Estimation and Inference for Policy Relevant Treatment Effects
Yuya Sasaki, Takuya Ura

TL;DR
This paper introduces a novel orthogonal score method for estimating the policy relevant treatment effect (PRTE), enabling more accurate inference by mitigating the influence of preliminary estimators.
Contribution
It develops the first limit distribution theory for PRTE inference using double debiased estimation with orthogonal scores.
Findings
Orthogonal score approach reduces bias from preliminary estimators.
Asymptotic distribution of PRTE estimator is derived.
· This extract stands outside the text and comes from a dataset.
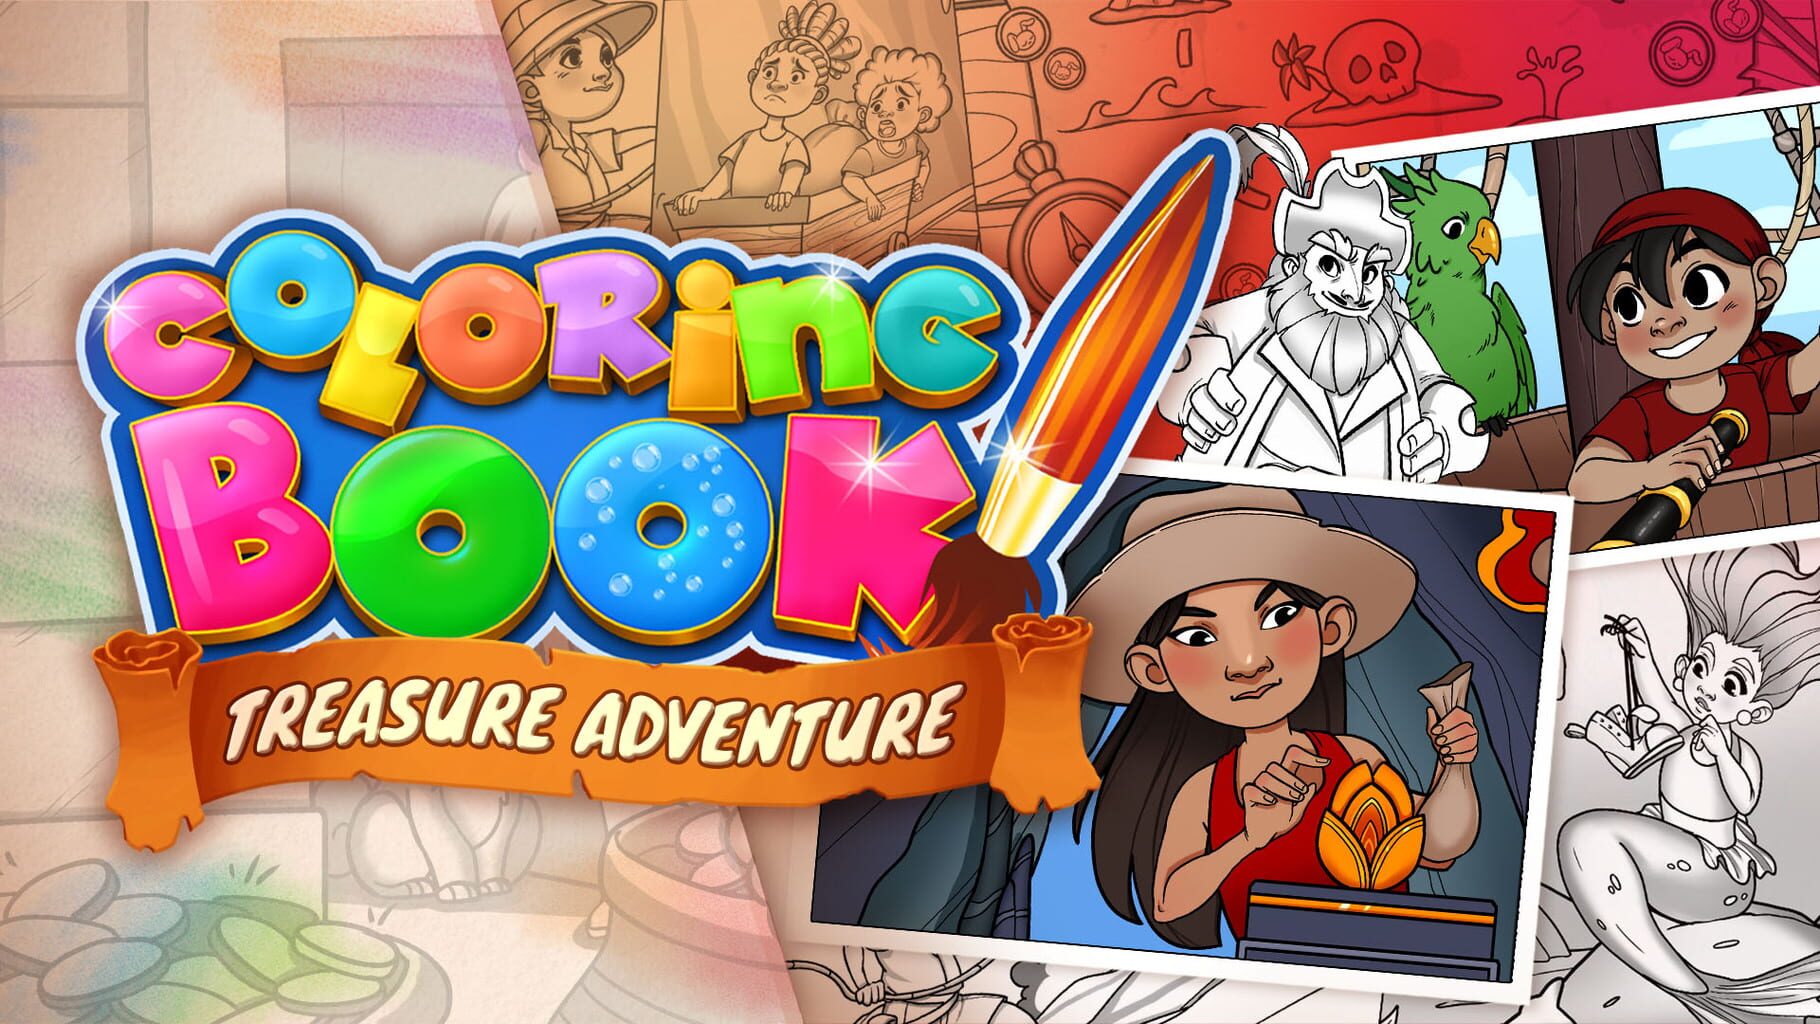 Coloring Book: Treasure Adventure artwork

Method improves robustness of policy effect estimation.
Abstract
The policy relevant treatment effect (PRTE) measures the average effect of switching from a status-quo policy to a counterfactual policy. Estimation of the PRTE involves estimation of multiple preliminary parameters, including propensity scores, conditional expectation functions of the outcome and covariates given the propensity score, and marginal treatment effects. These preliminary estimators can affect the asymptotic distribution of the PRTE estimator in complicated and intractable manners. In this light, we propose an orthogonal score for double debiased estimation of the PRTE, whereby the asymptotic distribution of the PRTE estimator is obtained without any influence of preliminary parameter estimators as far as they satisfy mild requirements of convergence rates. To our knowledge, this paper is the first to develop limit distribution theories for inference about the PRTE.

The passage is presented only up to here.